On the publication of the letter the members of the Irish Party were confronted with unmistakable evidence that the crisis would not just go away. Thirty-one members signed a requisition asking for a special meeting of the party. Parnell opposed this move but was overruled. This was a decisive moment: clearly the tide was beginning to turn unambiguously against him. Following this development, and further criticism in the press from Michael Davitt, Parnell attempted to go on the offensive by issuing a manifesto attacking Gladstone and a section of the Irish Party. The manifesto, which was published on 29 November under the title ‘To the People of Ireland’, was explicit. It stressed that a portion of the Irish Party had lost its independence. The Liberal alliance, Parnell claimed, had been desirable, but this alliance had evolved into a ‘fusion’. He then attempted to make damaging revelations about his visit to Gladstone at Hawarden in December 1889, when, he said, Gladstone had confided to him the details of the Home Rule proposals which the next Liberal administration would introduce.

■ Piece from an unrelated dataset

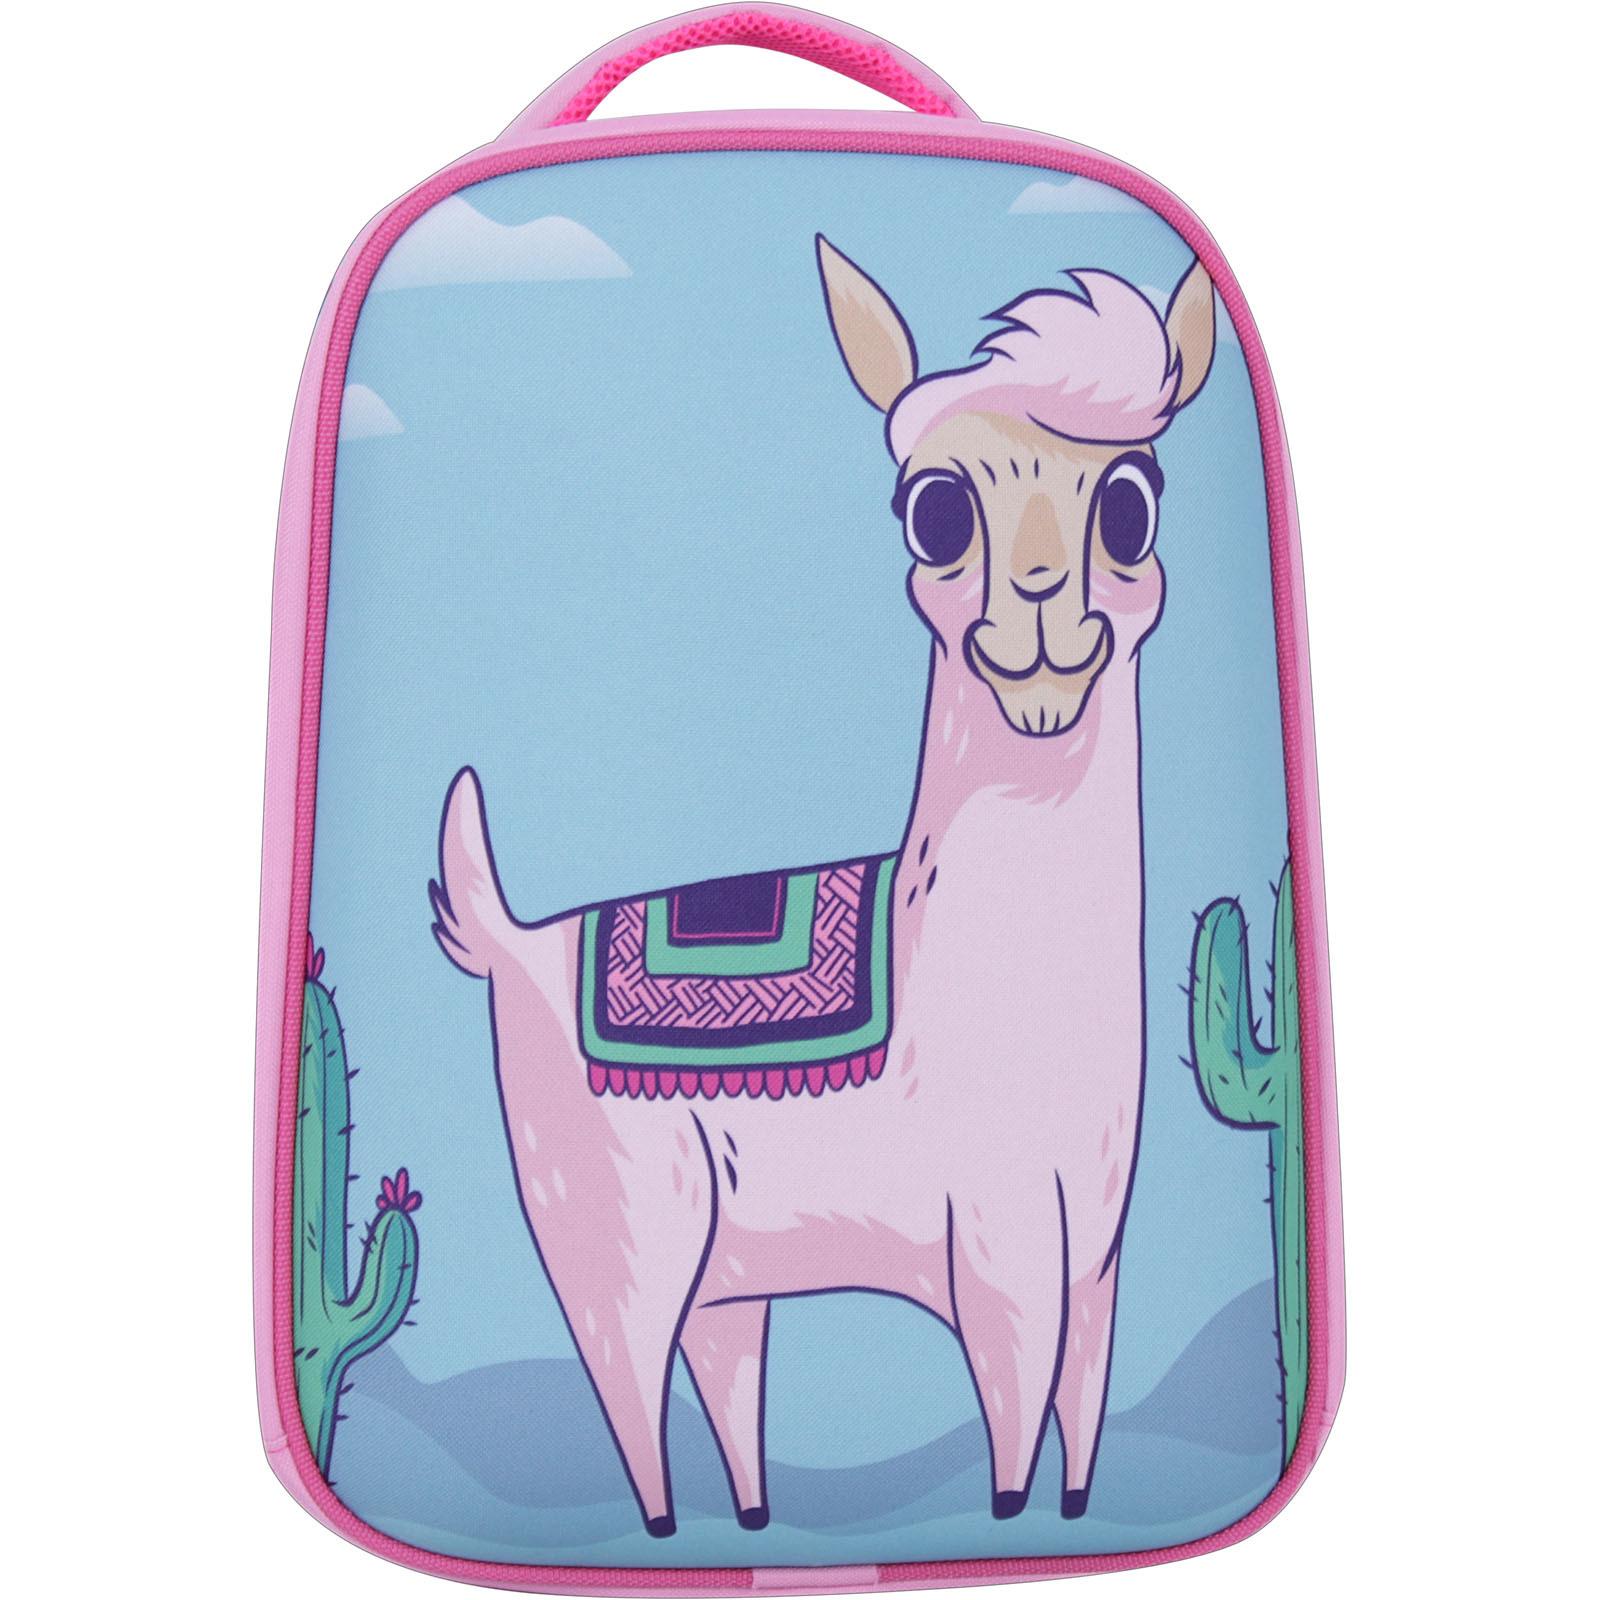 Школьные рюкзаки Рюкзак Bagland Turtle 17 л. розовый 617 (0013466) IMG_2247_суб.617_-1600.jpg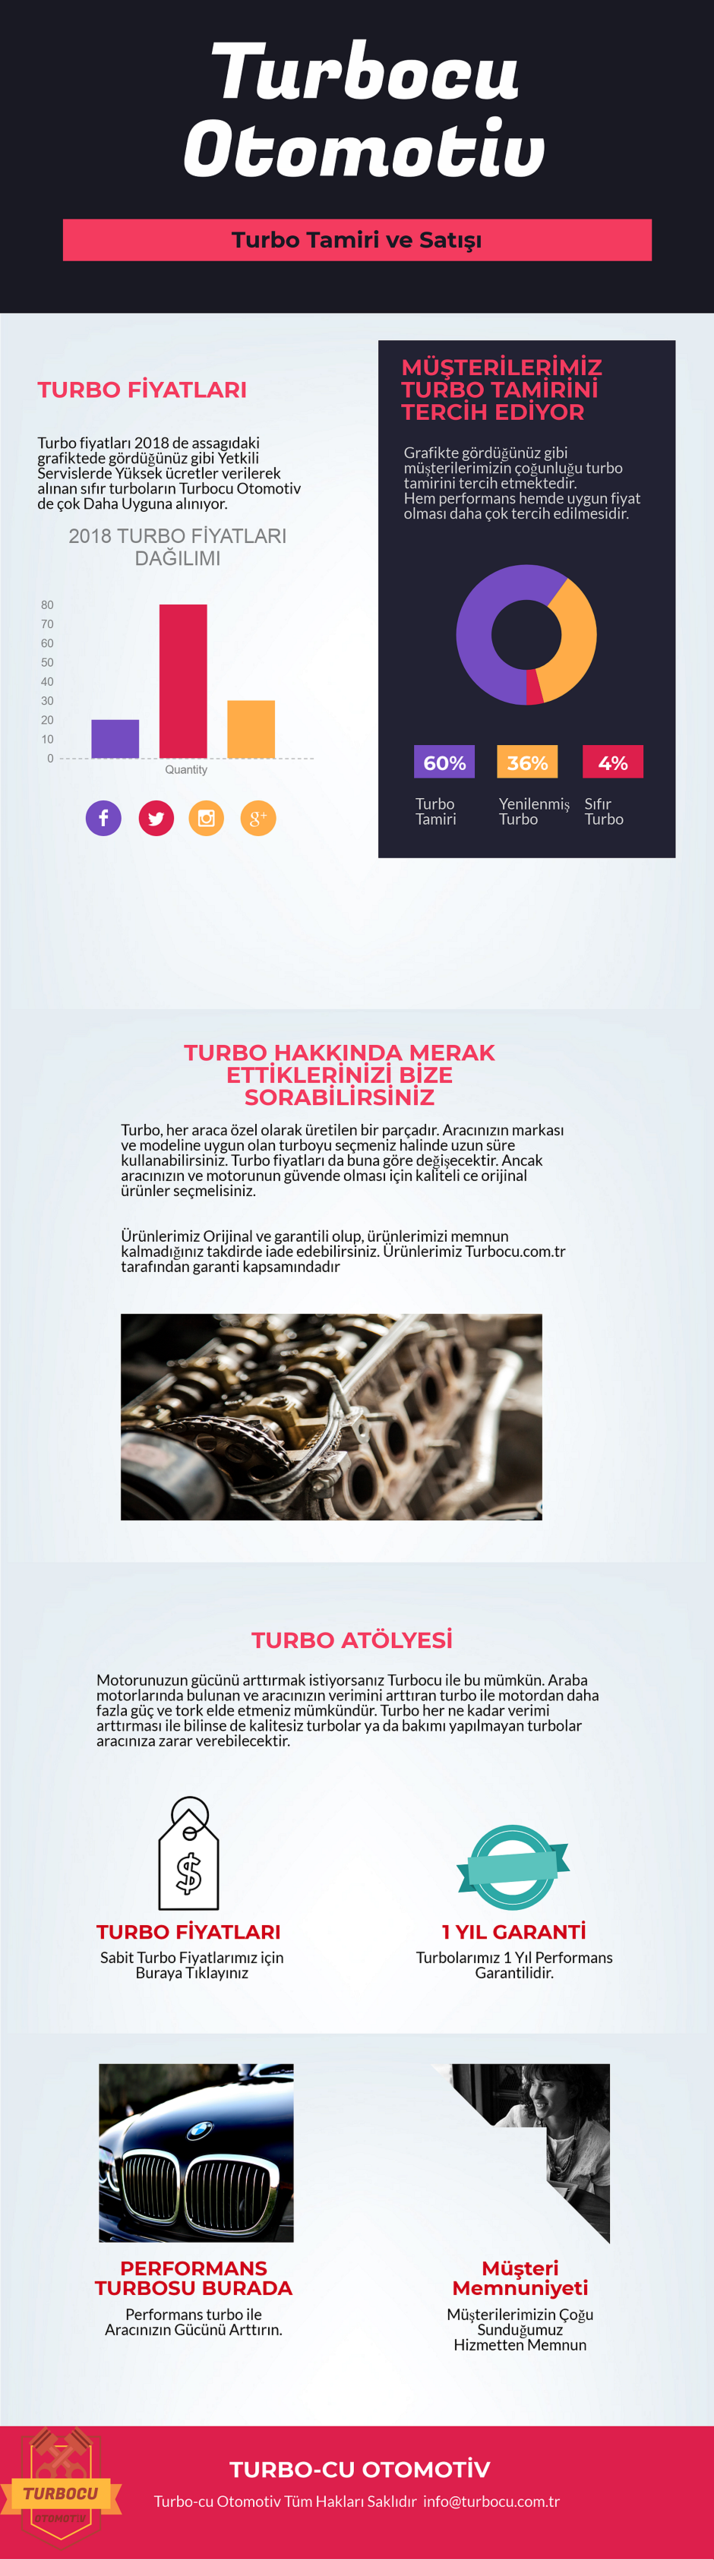 Turbocu Otomotiv

These included—according to Parnell—the reduction of the Irish representation in the imperial parliament from 103 to 32; reservation to the imperial parliament of power to deal with the land question; constabulary to be kept under imperial control for an indefinite period, judges for ten or twelve years. With so much reserved to the imperial parliament, Parnell was unwilling to consent to a reduction of the Irish representation at Westminster. Parnell had told Gladstone that he would try to ‘reconcile Irish opinion’ on the constabulary and judges, but he dissented from the reduction of the representation and from the absence of a land settlement. The feeble nature of the Liberal proposals had a definite implication. The Irish Party must retain its independence at all costs. Even if an ‘independent’ policy led to the defeat of the Liberals at the next general election, ‘postponement would be preferable to a compromise of our national rights by the acceptance of a measure which would not realise the aspirations of our race’.5
All this, of course, was open to a damning objection. If the Liberals were so unreliable, why had Parnell himself preached the virtues of alliance in so many of his public statements in the past two years? Parnell attempted to explain this away:
It was impossible for me to disclose by public speech or by private explanation the setback which the Hawarden communications had given to the cause of Home Rule and the perplexity with which they had filled my mind. The matter was still not definitely settled. Until all hope had been removed of arriving at a satisfactory undertaking upon these important subjects with Mr Gladstone it would have been highly improper for me in any way to have referred publicly to the matter, and it would have been difficult for me to have selected from amongst my colleagues for the purpose of a disclosure.6
Only a minority were to be convinced by this special pleading. Most found Gladstone’s repudiation of Parnell’s version of the Hawarden interview to be crushingly explicit in detail. It seems fair to conclude that Parnell mixed up certain genuine concerns (for example, the difficulties which still faced the Liberal Party in producing a sufficiently generous land reform) with other very much more tendentious suggestions. It is highly improbable that Gladstone could have tied his hands by laying down precise details concerning such controversial legislation. At best, Parnell seems to have presented items for discussion as if they were hard and fast proposals.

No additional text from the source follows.